**What the exercise asks:** Copy the data that follows exactly, and include none of its images.

**Stored data:**
=== Begin Enclosure ===

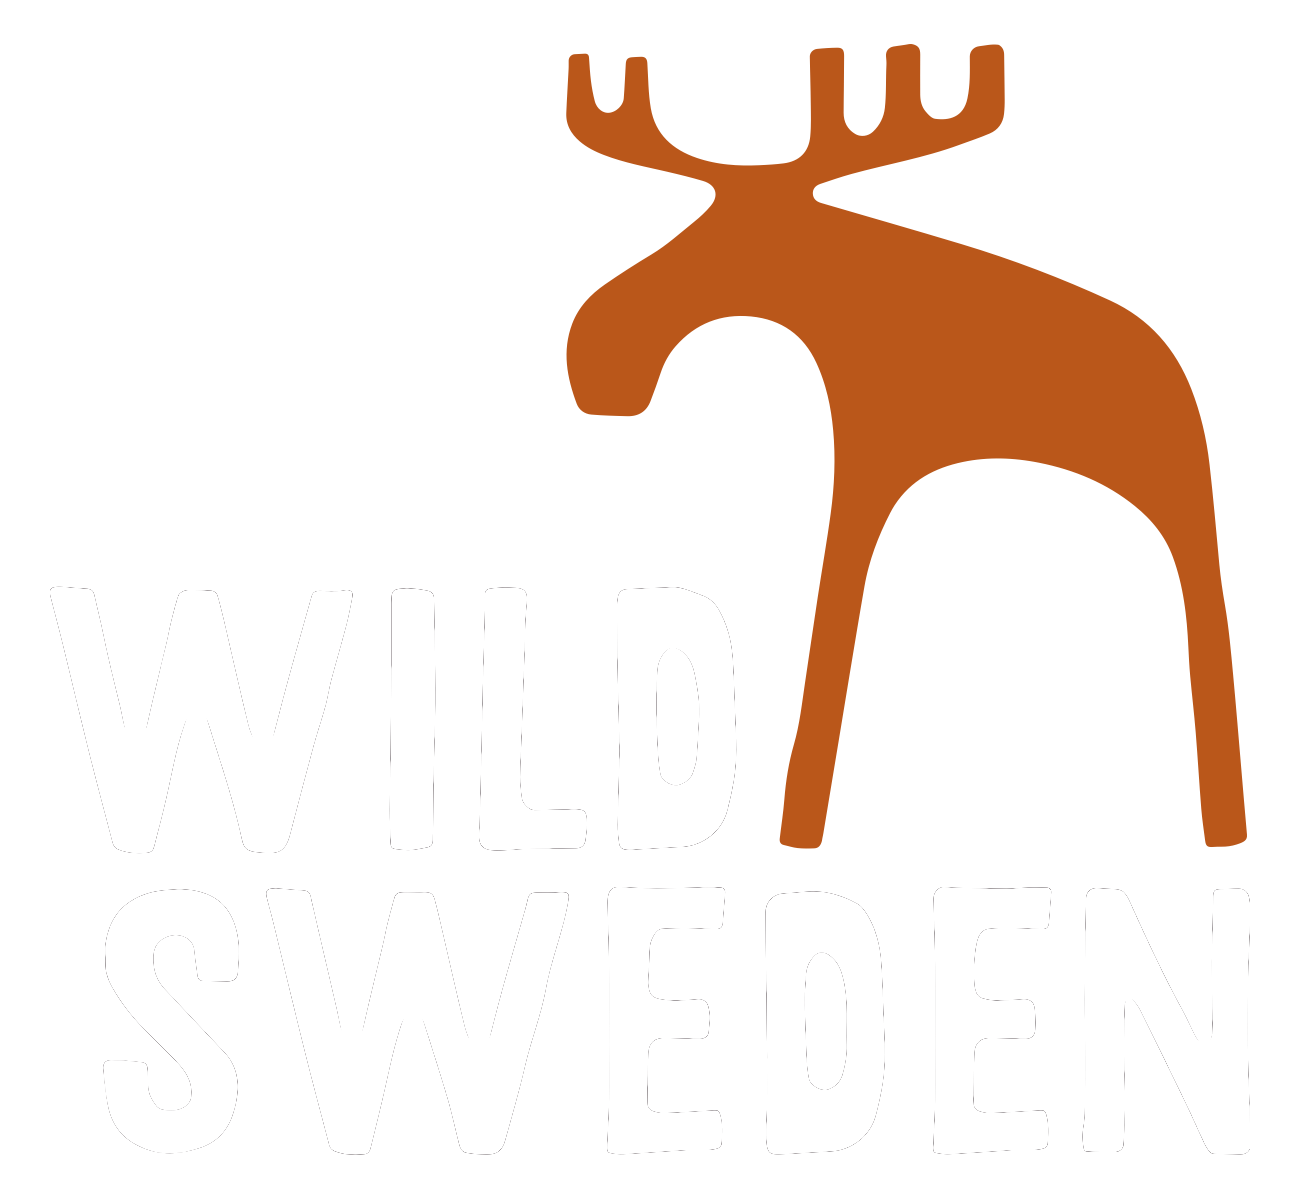 WildSweden - wildlife adventures in Sweden
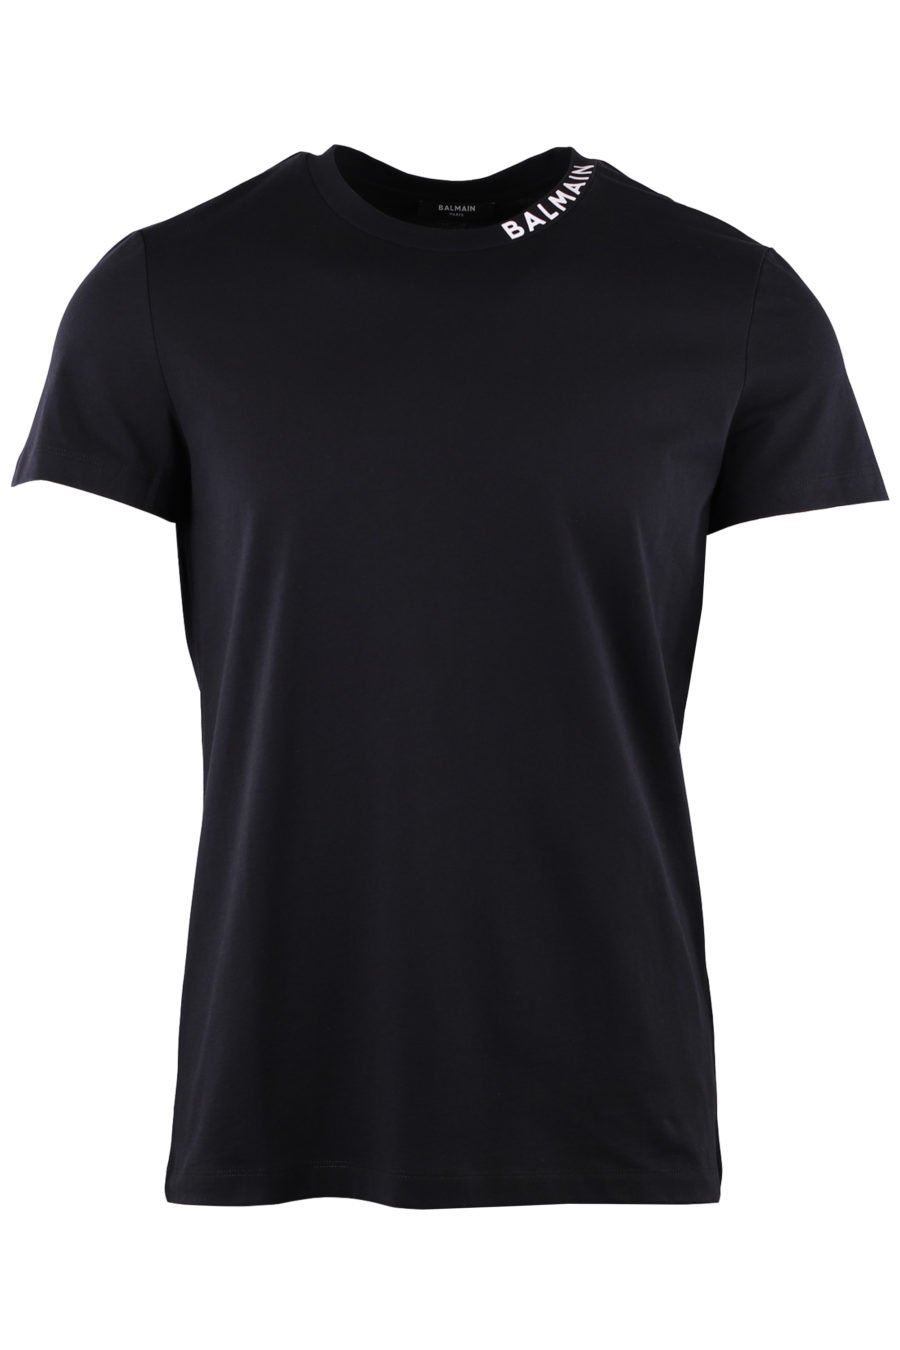 Camiseta negra con logo blanco en el cuello - IMG 9048 1
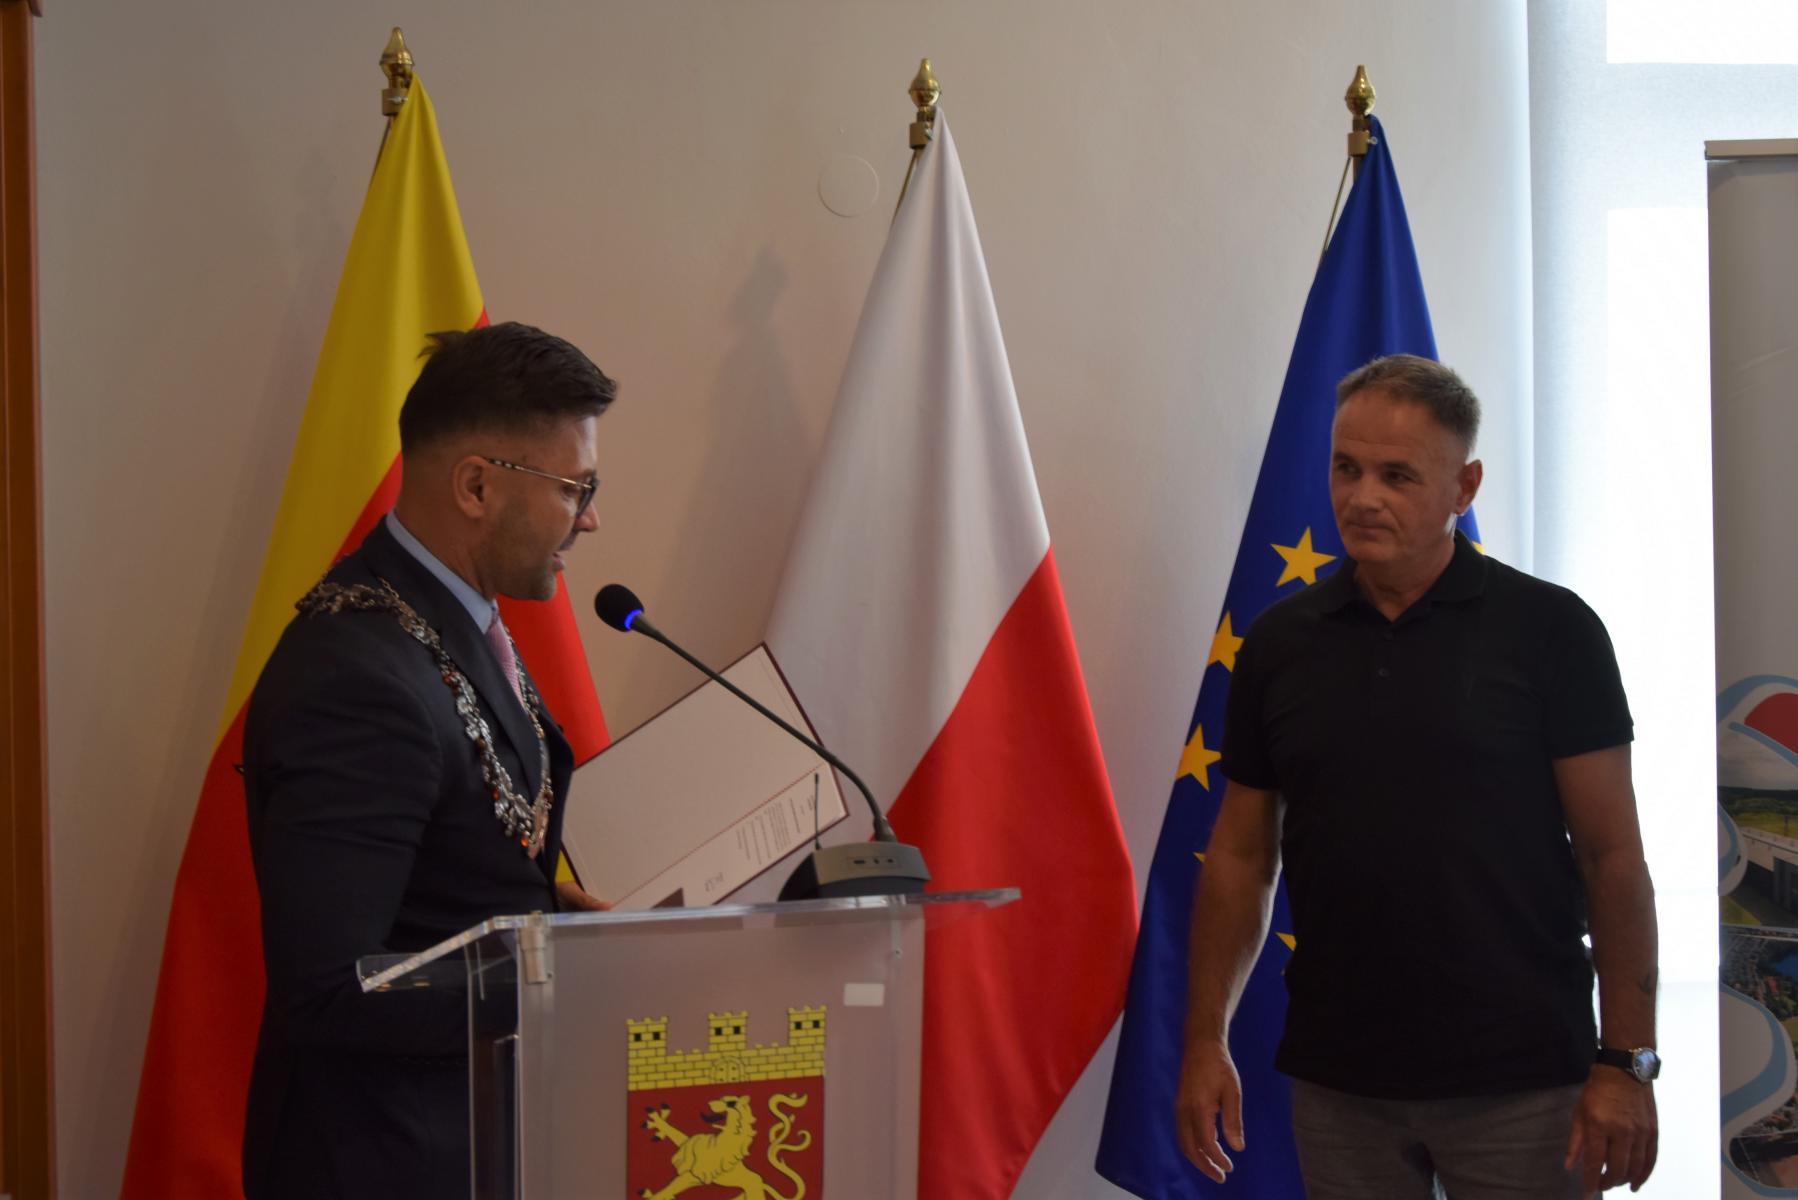 Od lewej przewodniczący przy mównicy, obok stoi mężczyzna Mieczysław Kukuruza. W tle flaga Dębna, Polski, UE
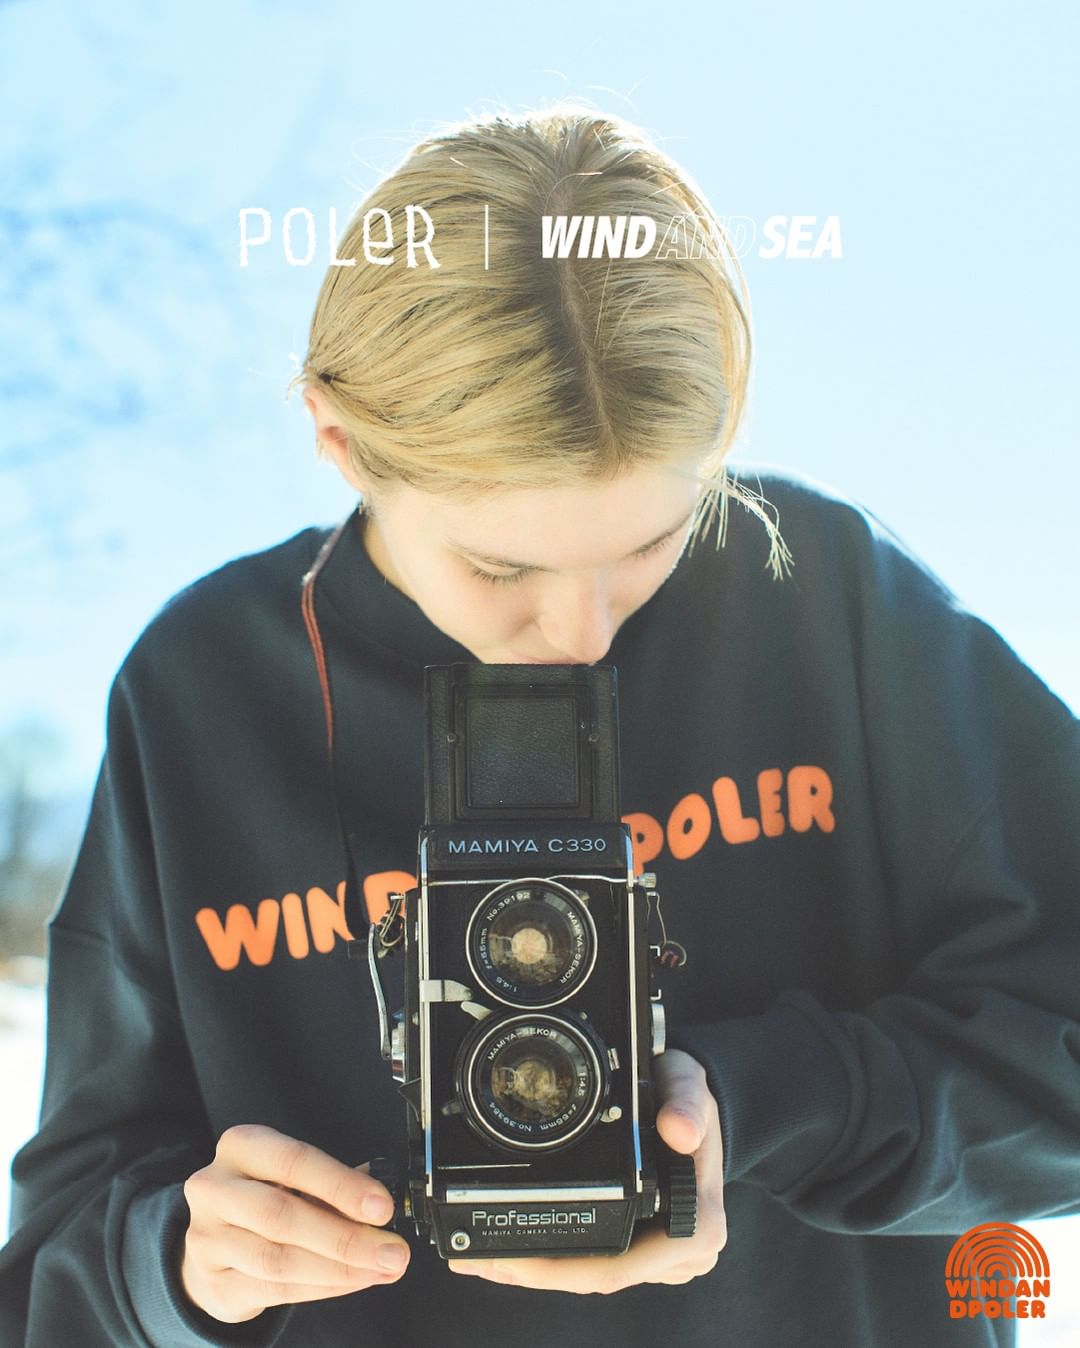 【1/20 発売】WIND AND SEA × PoLER “Deep Winter Capsule collection” (ウィンダンシー ポーラー)

=== End Enclosure ===

**Response for this exercise:**
 WildSweden - wildlife adventures in Sweden
 Camiseta negra con logo blanco en el cuello - IMG 9048 1
 Od lewej przewodniczący przy mównicy, obok stoi mężczyzna Mieczysław Kukuruza. W tle flaga Dębna, Polski, UE
 【1/20 発売】WIND AND SEA × PoLER “Deep Winter Capsule collection” (ウィンダンシー ポーラー)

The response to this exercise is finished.